RECORDS FOR THE TASK below:

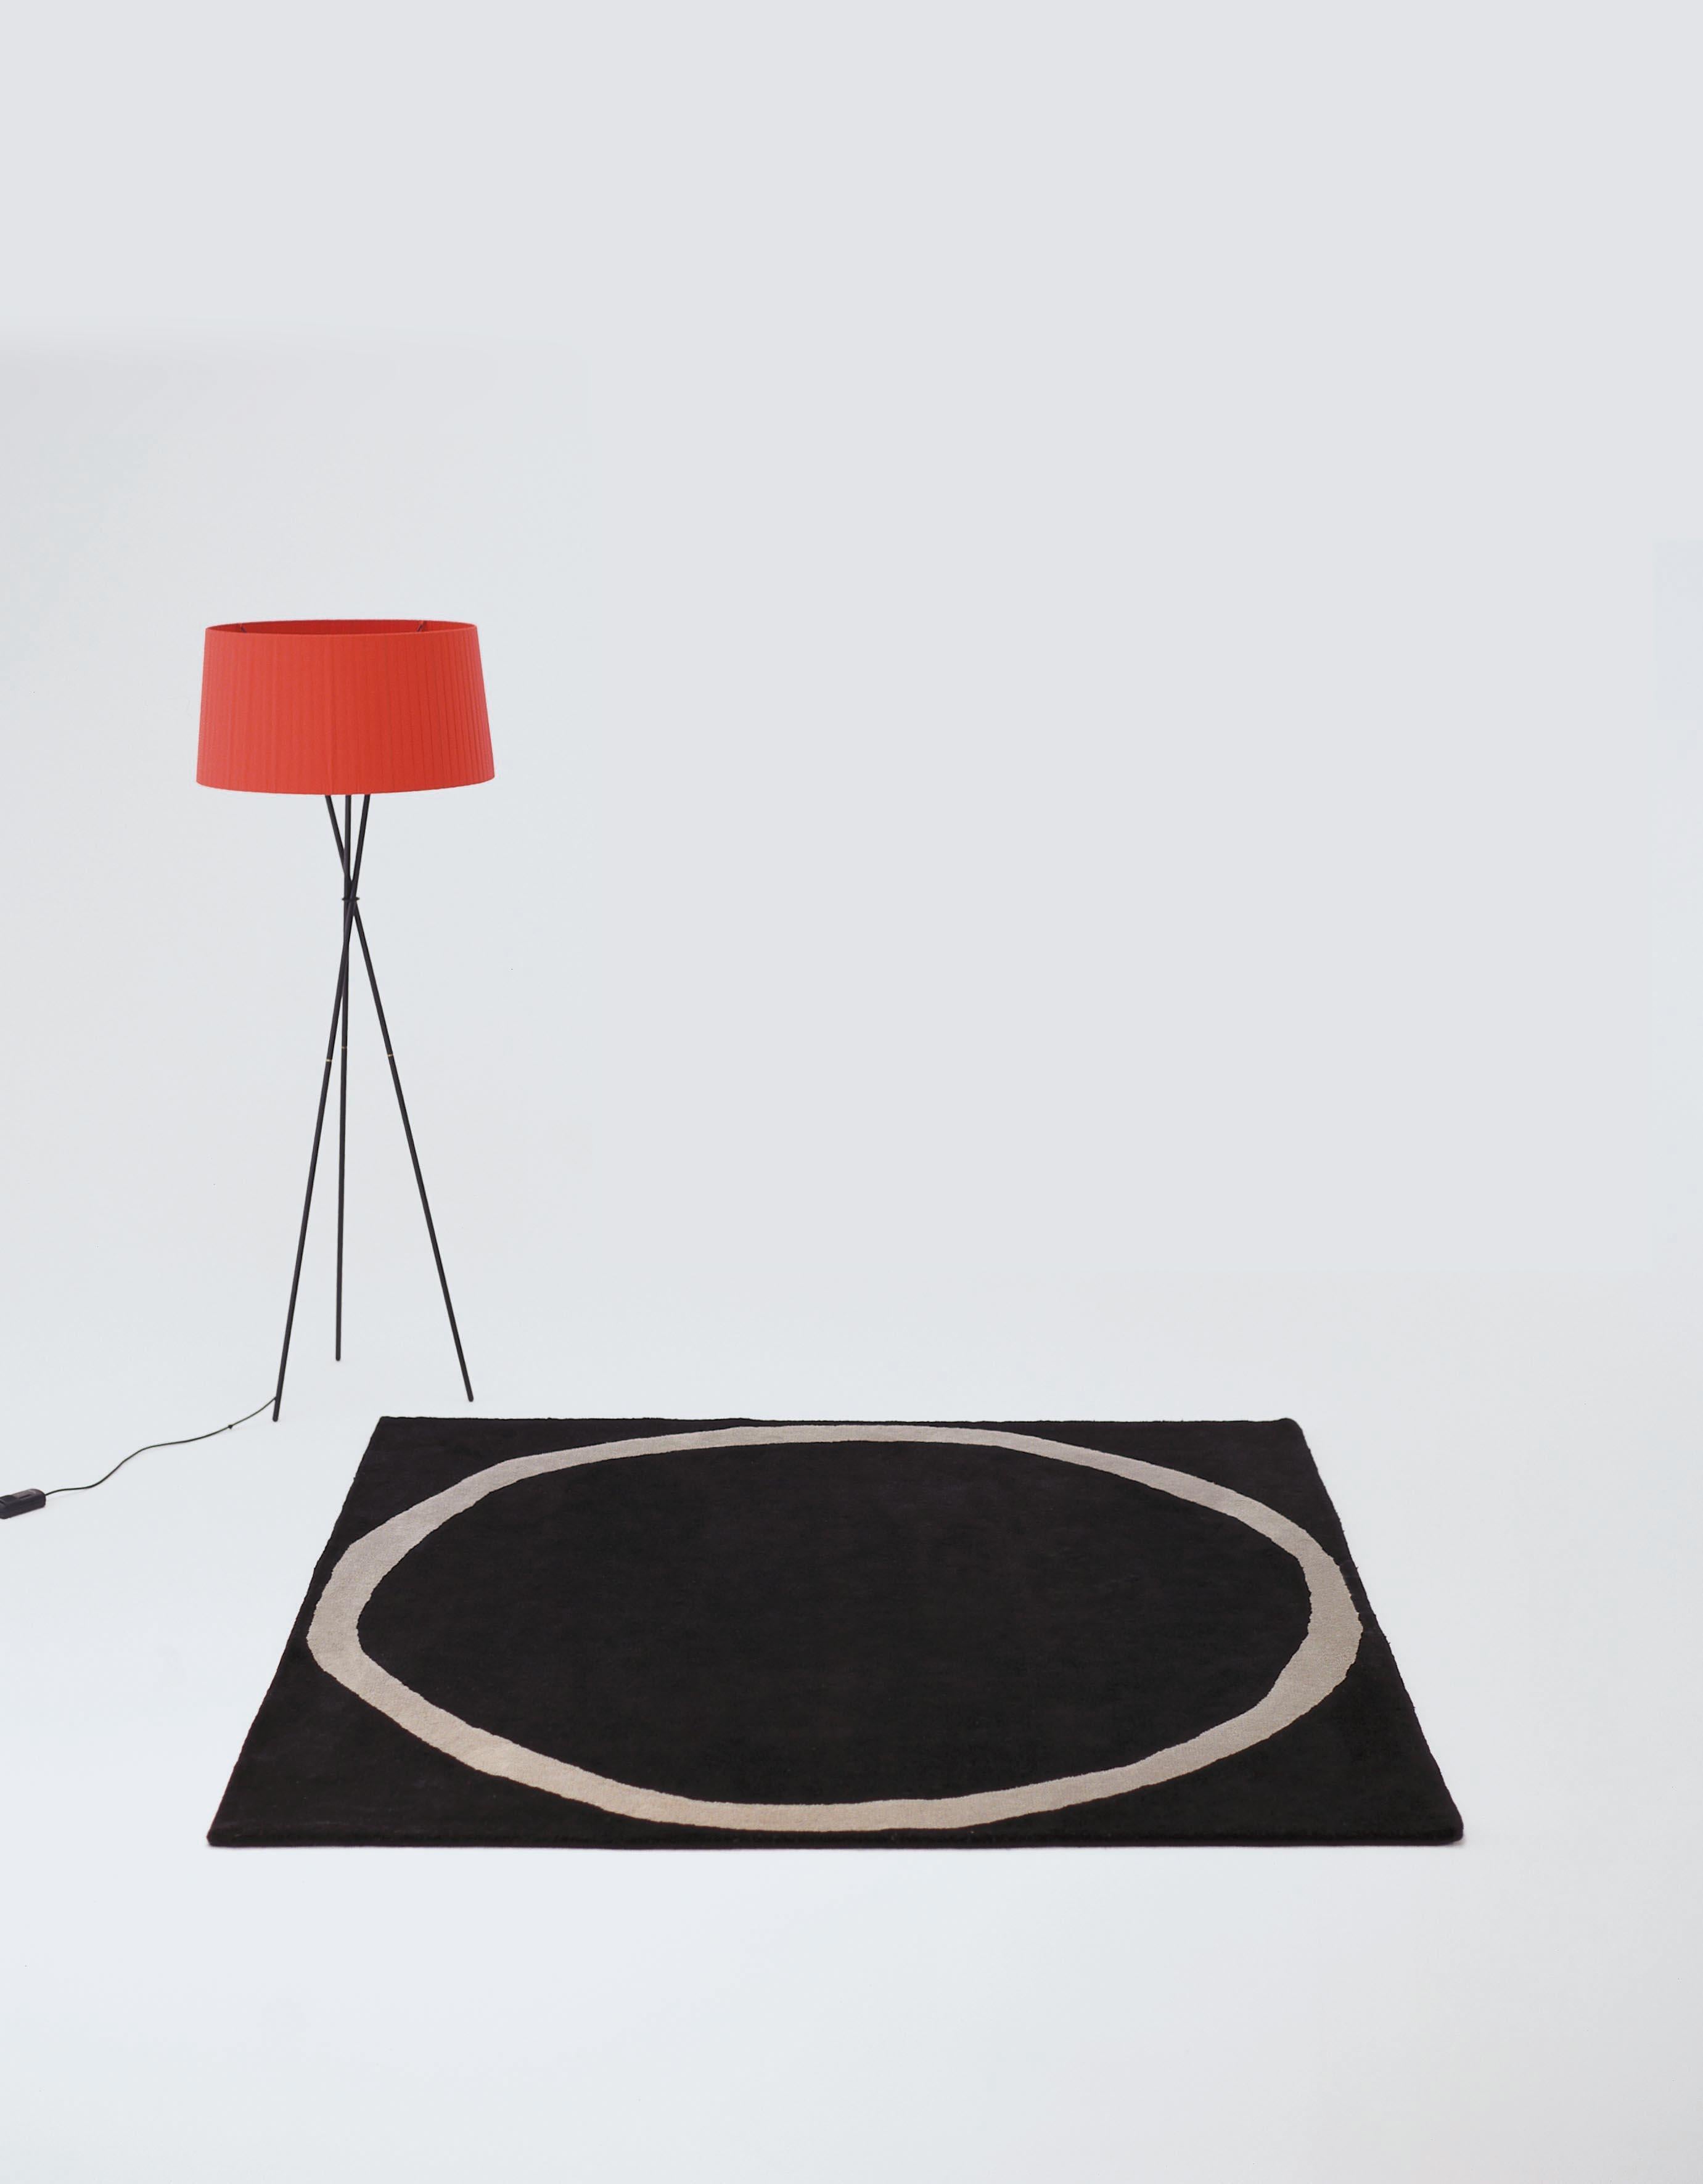 Almost perfect, almost serene, almost discreet and indiscreet, almost happy. The simplicity of an irregular outline defines the form of each Aros rug.

Comprised of three circular models in contrasting colors and two different sizes, and a square
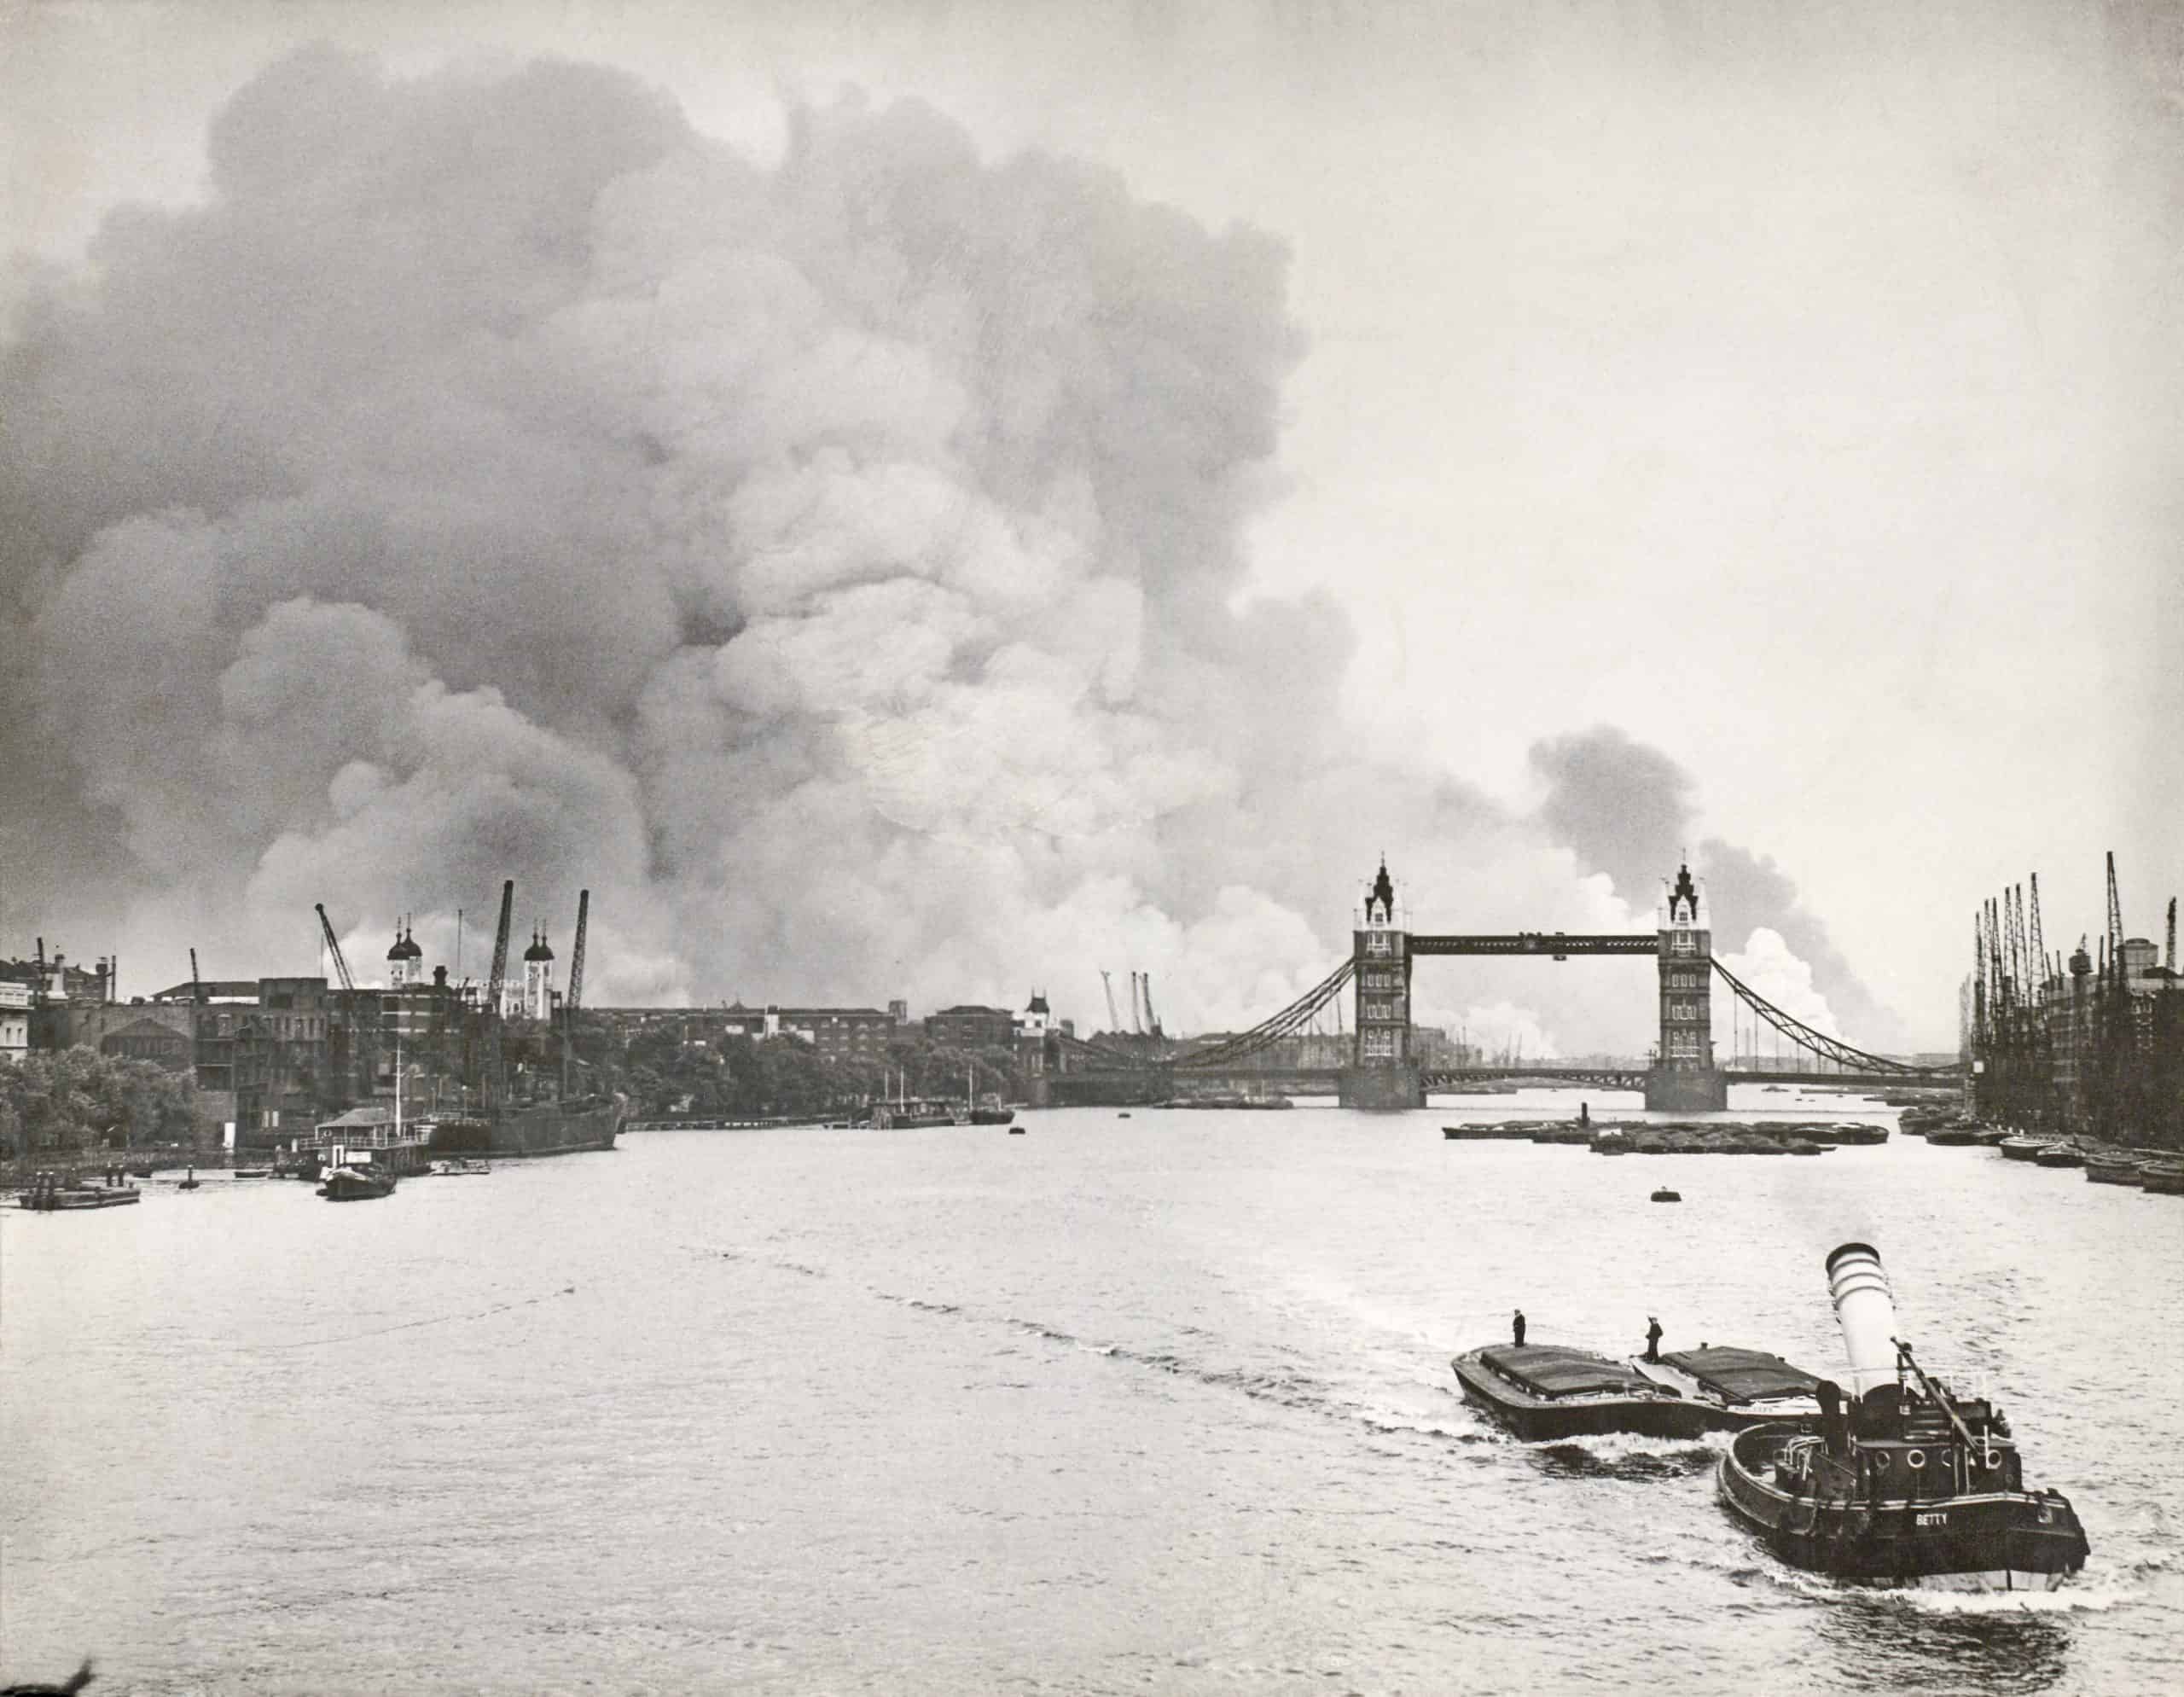 The Docklands ablaze during the Blitz on 7th September 1940. The rising palls of smoke mark out the London Docks beyond the Tower of London, the Surrey Docks to the right of the bridge and the West India Docks on the Isle of Dogs in the distance.
This image can be found on page 36 of the book London's Changing Riverscape.
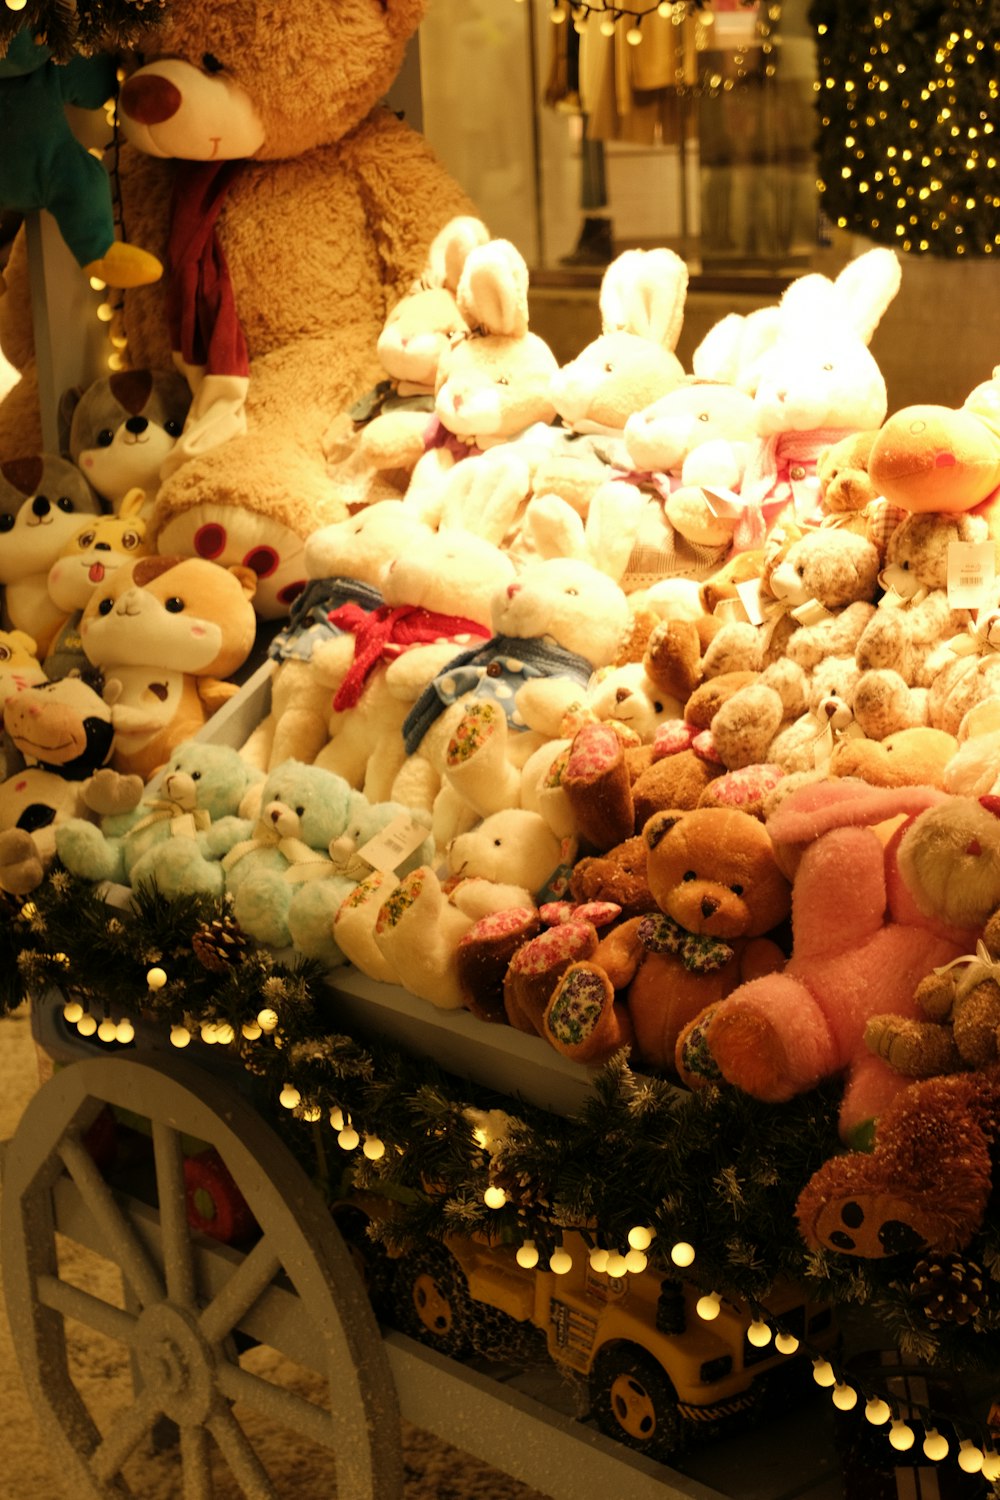 a wagon filled with lots of stuffed animals

End of RECORDS FOR THE TASK.

From the line that contains "The Docklands ablaze" to the last line of the data, print each line exactly, both ends included, and omit the pictures.

SOLUTION TO THIS TASK —
 The Docklands ablaze during the Blitz on 7th September 1940. The rising palls of smoke mark out the London Docks beyond the Tower of London, the Surrey Docks to the right of the bridge and the West India Docks on the Isle of Dogs in the distance.
This image can be found on page 36 of the book London's Changing Riverscape.
 a wagon filled with lots of stuffed animals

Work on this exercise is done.